Monday, December 12, 2011

Reason #86: VSLs

Have you ever seen Fight Club? There's a big speech near the beginning about how car companies have an actual mathematical process to determine their recall procedures - in short, if the lawsuits stemming from implementation of a defective part are estimated to be cheaper overall than the cost of recalling the part, they don't do the recall.

Turns out the government does that as well. Kinda.

The automatic Republican response whenever new environmental or safety regulations are proposed is always to bemoan the cost to businesses; it turns out, the government knows all too well how much a ban on, say, turpentine in Coca-Cola will cost the beverage industry. What they do with that information, then, is compare it to their department's VSL, or Value of a Statistical Life. If the lives it could save outvalue the cost to businesses, well, tough shit.
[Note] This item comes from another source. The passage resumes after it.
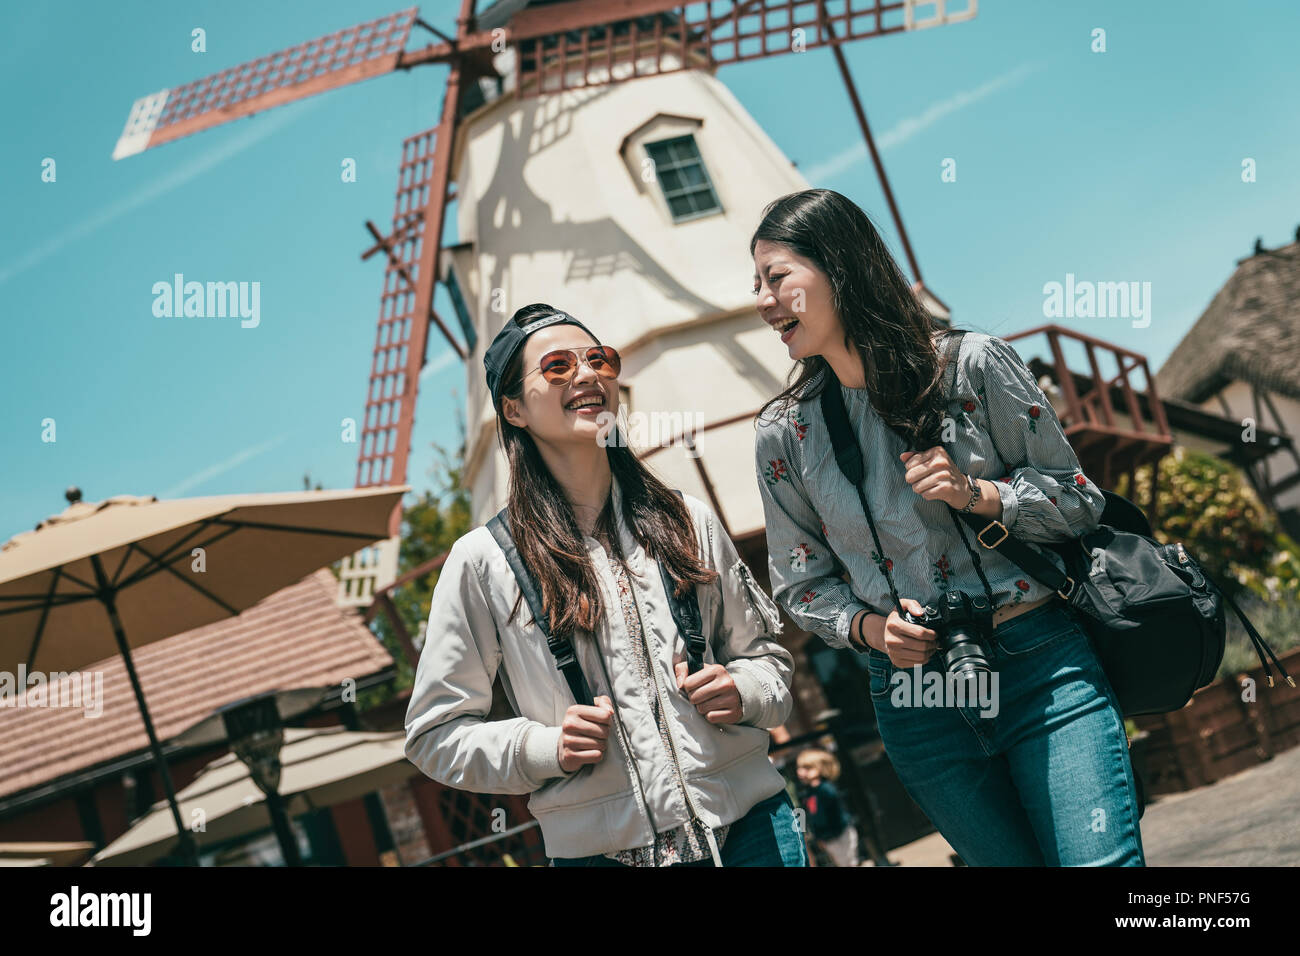 Freunde reden gerne beim Sightseeing in einer schönen Stadt mit einem Hintergrund von Mühle amd Häuser. Stockfoto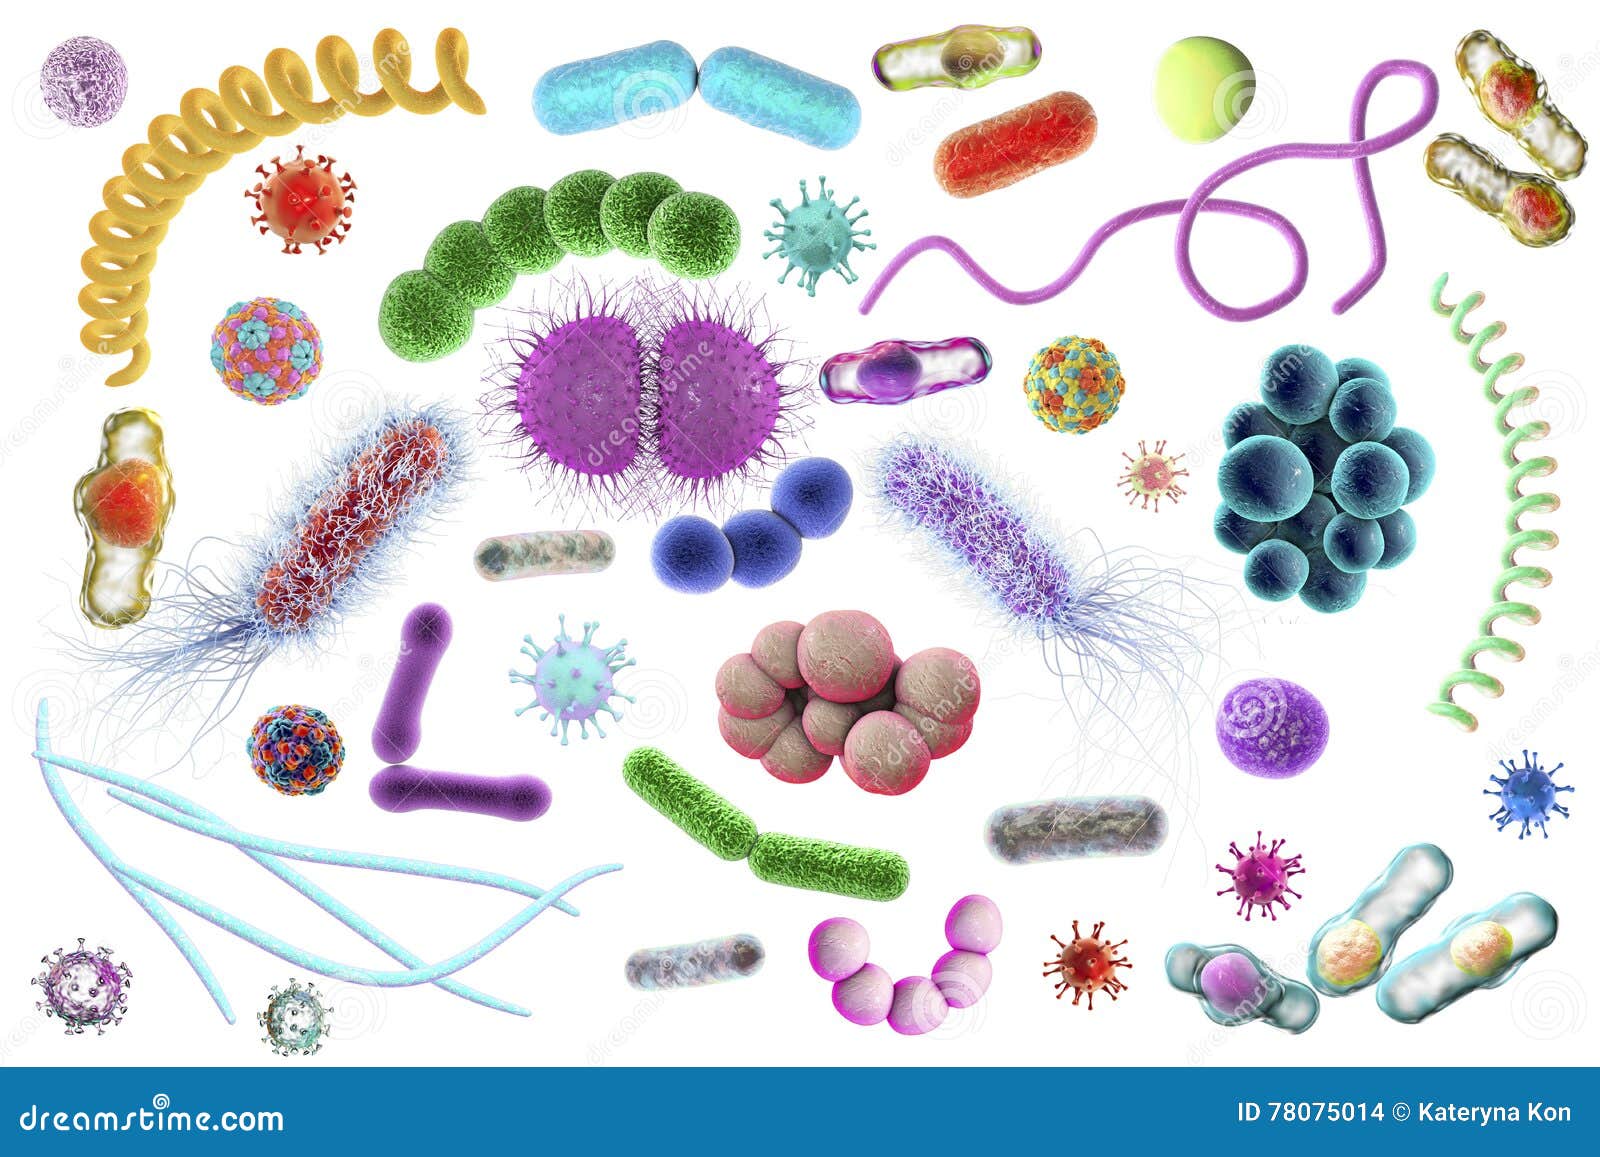 Организменные бактерии. Микробы различных видов и форм. Разные бактерии. Разные формы бактерий. Разнообразные формы бактерий.

Assigning even a theoretical dollar value to a human being is icky from a PR standpoint, but when you think about it, this can actually be a fairly reasonable way of setting policy - indeed, the actual dollar value goes up and down based on various factors (up for cancer-fighting measures, perhaps, because cancer is seen as worse than the average malady; or down for older people, whom the Bush administration amusingly deemed to be of less value than the average person).

And if you're curious - they try to avoid talking about it, understandably, but according to the most recent story I found, the EPA currently values one human life at around $8 million.